The plan is not clever, and that is the point. A proxy that speaks the same OpenAI-compatible protocol every agent already speaks, doing three boring jobs before the request reaches the model.

What the proxy does to one request

Input

An agent about to send a turn to the model

MEMORYInject what matters
Pull the relevant project decisions and conventions from the store and put them in the system prompt, so the model starts the session already knowing the codebase.
COMPRESSCut the repetition
Deduplicate repeated reads and summarize old turns, so the model pays for the delta instead of rereading the whole transcript.
FORWARDSend the lean payload
Route the trimmed request to the provider. RTK already cut the tool output upstream at the shell, so what arrives is signal.

Output

The same answer, from a fraction of the tokens, on every agent you use

The number to actually watch

Stop watching the price per million tokens. You do not control it, and it drops on its own every few months anyway. Watch the tokens per finished task. That number is pure harness, and it is the one you can cut in half this week.

One more lever lives here: route a cheap model for exploration and a strong one only for the build. I automate that per phase in pi with a small model-handoff package that switches model and reasoning effort when a skill loads, covered in the pi guide. The exploratory turns stop billing you at premium rates for work that never needed them.

Put a filter on your tool output and you have done the highest-return thing available to you. Everything after that is the same move at a different layer: find where the tokens repeat, and stop paying to read them twice.

Token cost, quick answers

What is the fastest way to cut my AI coding agent's token cost?

Compress tool output at the shell before it reaches the model. A git status can be two thousand tokens and a test run twenty-five thousand, and the model needed almost none of it.

A CLI proxy like RTK does this and saves 60 to 90 percent on everyday commands with no change to your workflow. It is the single highest-return change to a harness.

Does a bigger context window solve token waste?

No. A bigger window makes waste affordable, not absent.
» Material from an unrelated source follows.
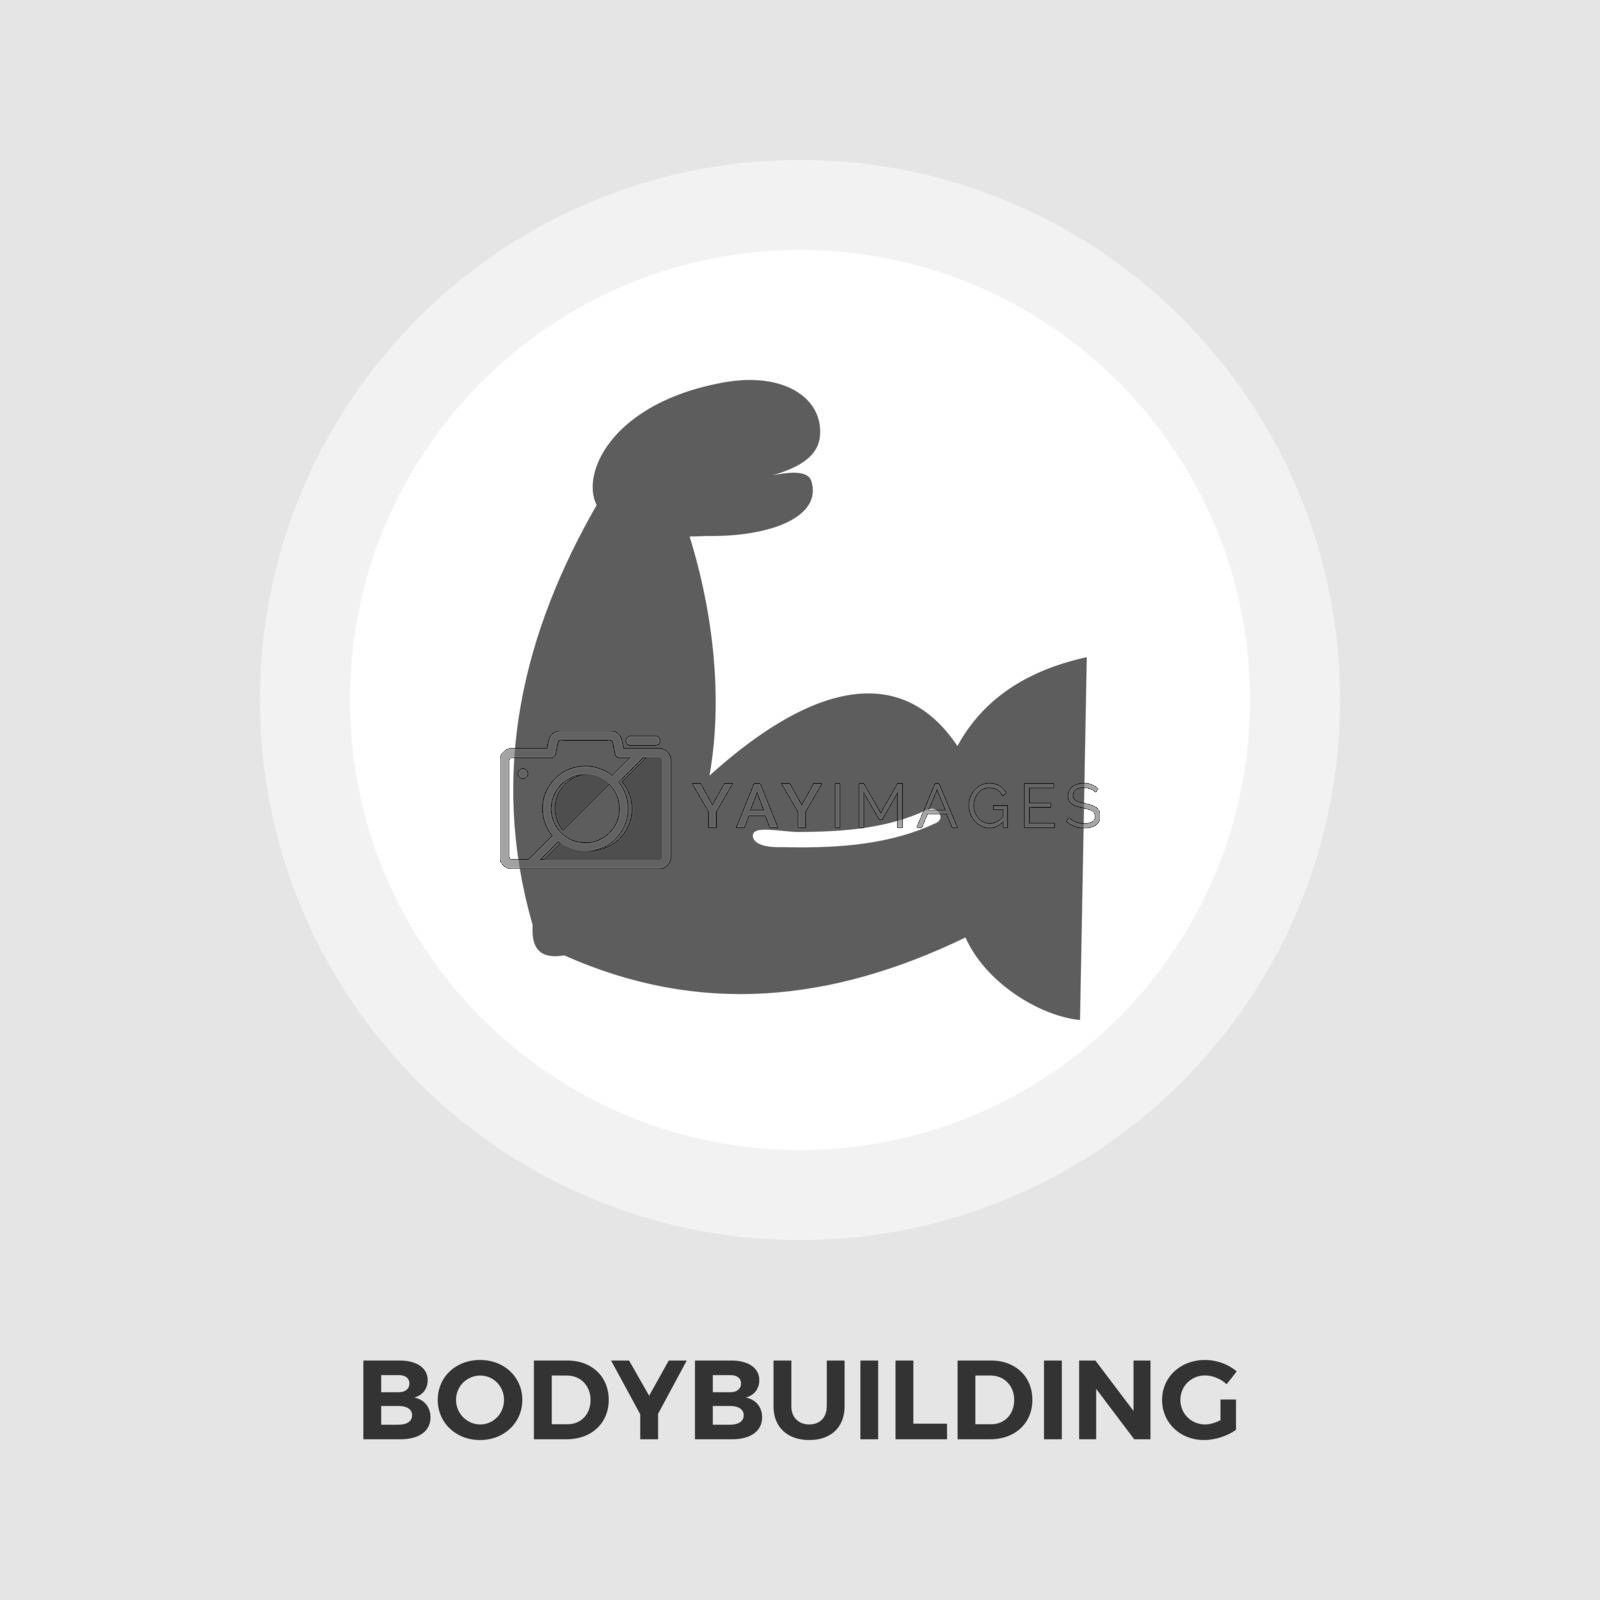 Bodybuilding Vector Flat Icon by smoki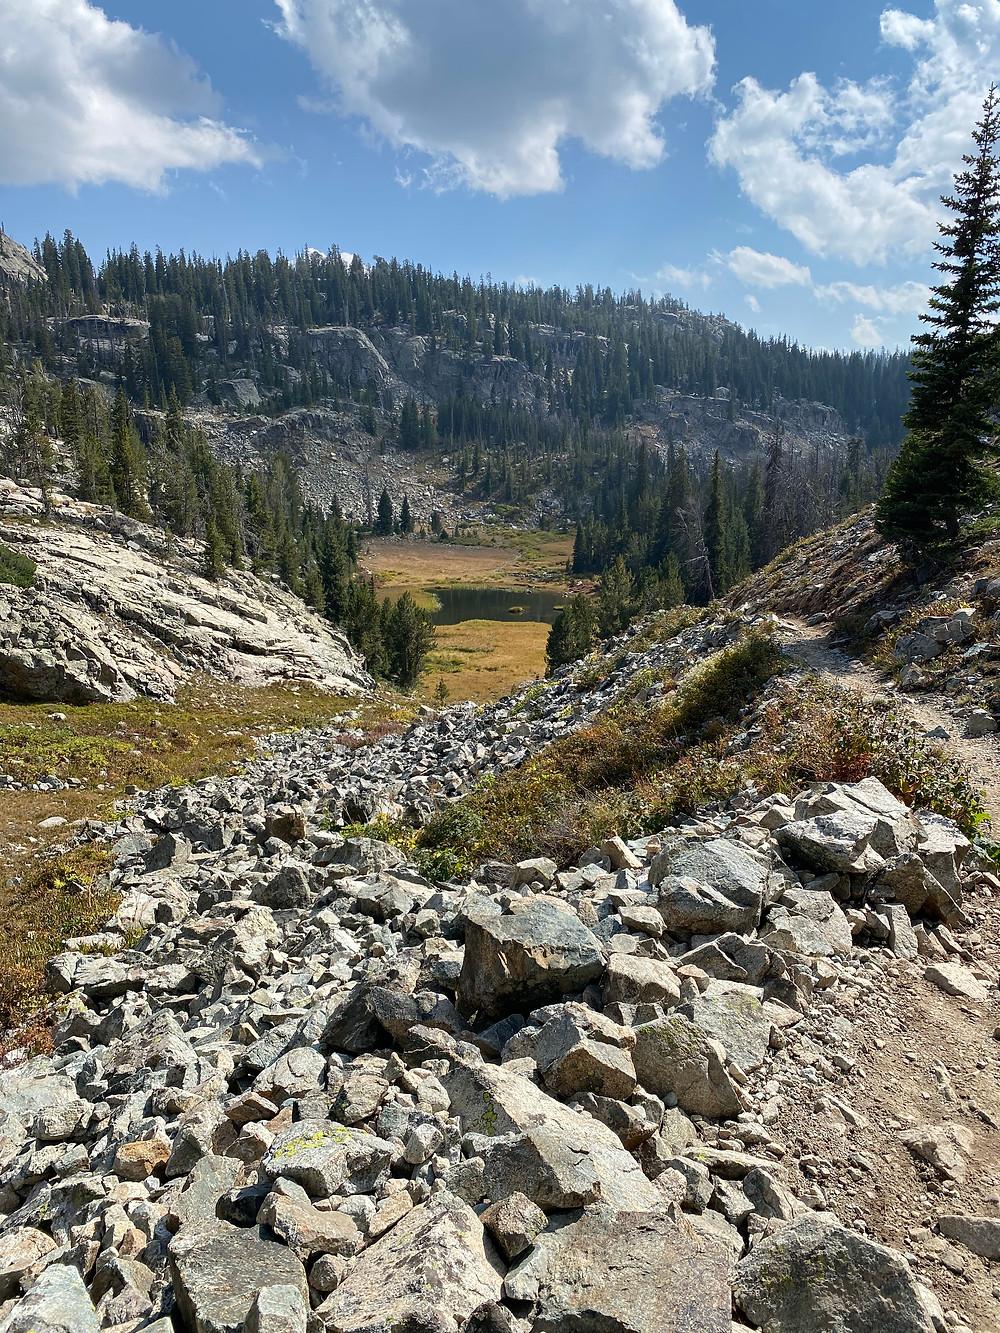 Evergreen-covered hillsides in Bridger-Teton National Forest in Wyoming

The leak is still there, you just hit the limit later and pay more per turn until you do.

Fix the leak at the source instead: filter tool output, deduplicate repeated history, and load project memory so you stop re-explaining. Then a normal window is plenty.

What is RTK?

RTK is an open-source CLI proxy that intercepts common shell commands and rewrites their output to a compressed equivalent before it reaches the model's context window, cutting 60 to 90 percent of the tokens on everyday dev commands. A shell hook makes it invisible to the agent.

Where do the tokens actually go in an agent session?

Three places. Tool output that dumps the full firehose when the model needed a line of it. Repeated history that resends the same reads and errors on every turn. And re-explanation, where each new session starts blank and you retype the project context.

Each leak has its own fix: compress the output, compress the conversation, and give the harness a memory.